In February 2021, an underwater robot slipped beneath iceberg A-68A in the Scotia Sea. What it found upends assumptions about how melting giants reshape the ocean around them.

A-68A was colossal. When it broke from Antarctica's Larsen-C ice shelf in 2017, it covered an area larger than Delaware. For years it drifted north, shedding fragments, until it neared South Georgia—a remote island where ocean currents converge and biological productivity explodes.

The glider's mission was simple in concept, perilous in execution. Track the iceberg. Measure temperature, salinity, density. Watch what happens when frozen freshwater meets saltwater in motion.

Two days in, the glider became trapped beneath the ice at 163 meters depth. Twelve hours later, it had risen to 112 meters—evidence of the iceberg's uneven keel scraping through the water column. For weeks, the robot collected data no human instrument had captured before: a real-time portrait of an iceberg rewriting the ocean's vertical structure.

The architecture of cold water

The Southern Ocean has a peculiar anatomy. Surface waters sit atop a cold subsurface layer called winter water—a remnant from the previous season's freeze. Below that lies circumpolar deep water: warmer, saltier, loaded with nutrients that have accumulated over centuries of decomposition and remineralization.

Normally, these layers remain distinct. The winter water acts as a density barrier, a kind of potential energy wall that prevents surface and deep waters from mixing easily. This separation matters. It controls how much heat the ocean can absorb from the atmosphere, how much carbon dioxide gets sequestered in the deep, and whether phytoplankton at the surface can access the nutrients they need to bloom.

A-68A disrupted all of it.

As the iceberg's base melted, it generated turbulence. Cold, fresh meltwater mixed with ambient seawater and became buoyant. That mixture rose, carrying with it water from as deep as 238 meters—well below the iceberg's estimated 139-meter draft. The glider measured intrusions: pockets of water warmer and saltier than they should have been at those depths, clear signatures of upwelling driven by the iceberg's passage.
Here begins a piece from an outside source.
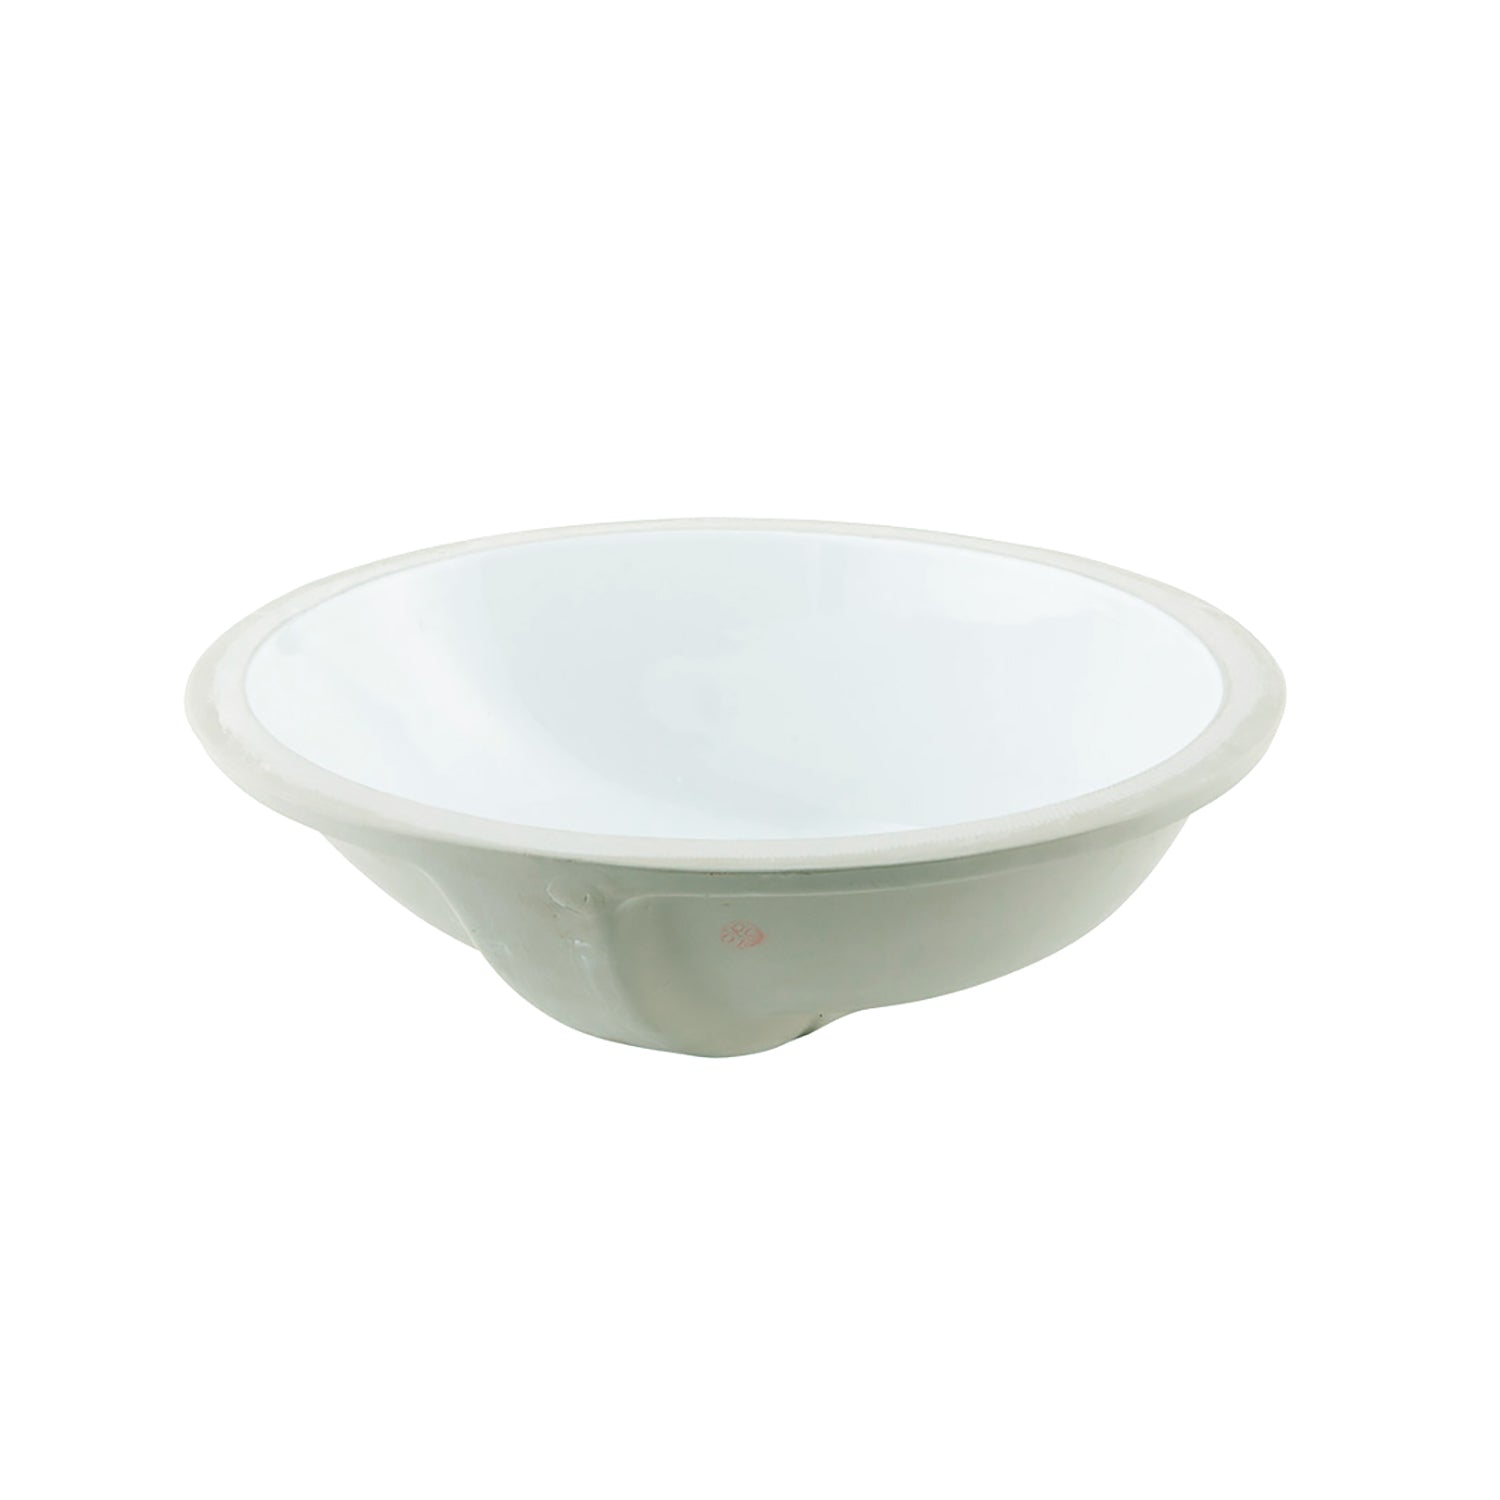 Lavabo de baño bajo encimera ovalado de cerámica DAX, acabado blanco, 19-1/2 x 16 x 8 pulgadas (BSN-200)

Quantifying this effect required isolating the meltwater signal from the region's chaotic background. The Scotia Sea is a tangle of fronts, eddies, and meanders. Historical hydrographic data helped establish a baseline—what the ocean looks like without an iceberg. The glider profiles, sorted by distance from A-68A, revealed three regimes: far (15 kilometers away), near (2.6 kilometers), and adjacent (less than 300 meters).

The differences were stark.

Two peaks, one erosion

Adjacent to the iceberg, a fresh cold cap sat at the surface—roughly nine meters deep. This pushed warmer, saltier surface water downward, creating a second peak in stratification at around 44 meters depth. Meanwhile, the winter water layer had been eroded. Its characteristic temperature minimum, usually a broad stabilizing feature, had nearly vanished.

Farther from the iceberg, the profile began to resemble the historical norm. But it wasn't identical. The surface remained warmer and saltier than climatology predicted. Below, the water was cooler and fresher. The winter water stratification, once eroded, had partially reformed—but shallower and stronger than before.

The researchers used a method called Gade line analysis to quantify basal meltwater content. Each intrusion in temperature-salinity space traced back to a source depth in the permanent thermocline. By determining the relative proportions of ambient water and meltwater along density surfaces, they calculated an average meltwater contribution of 0.52 cubic meters per square meter, distributed over a vertical extent of 106 meters.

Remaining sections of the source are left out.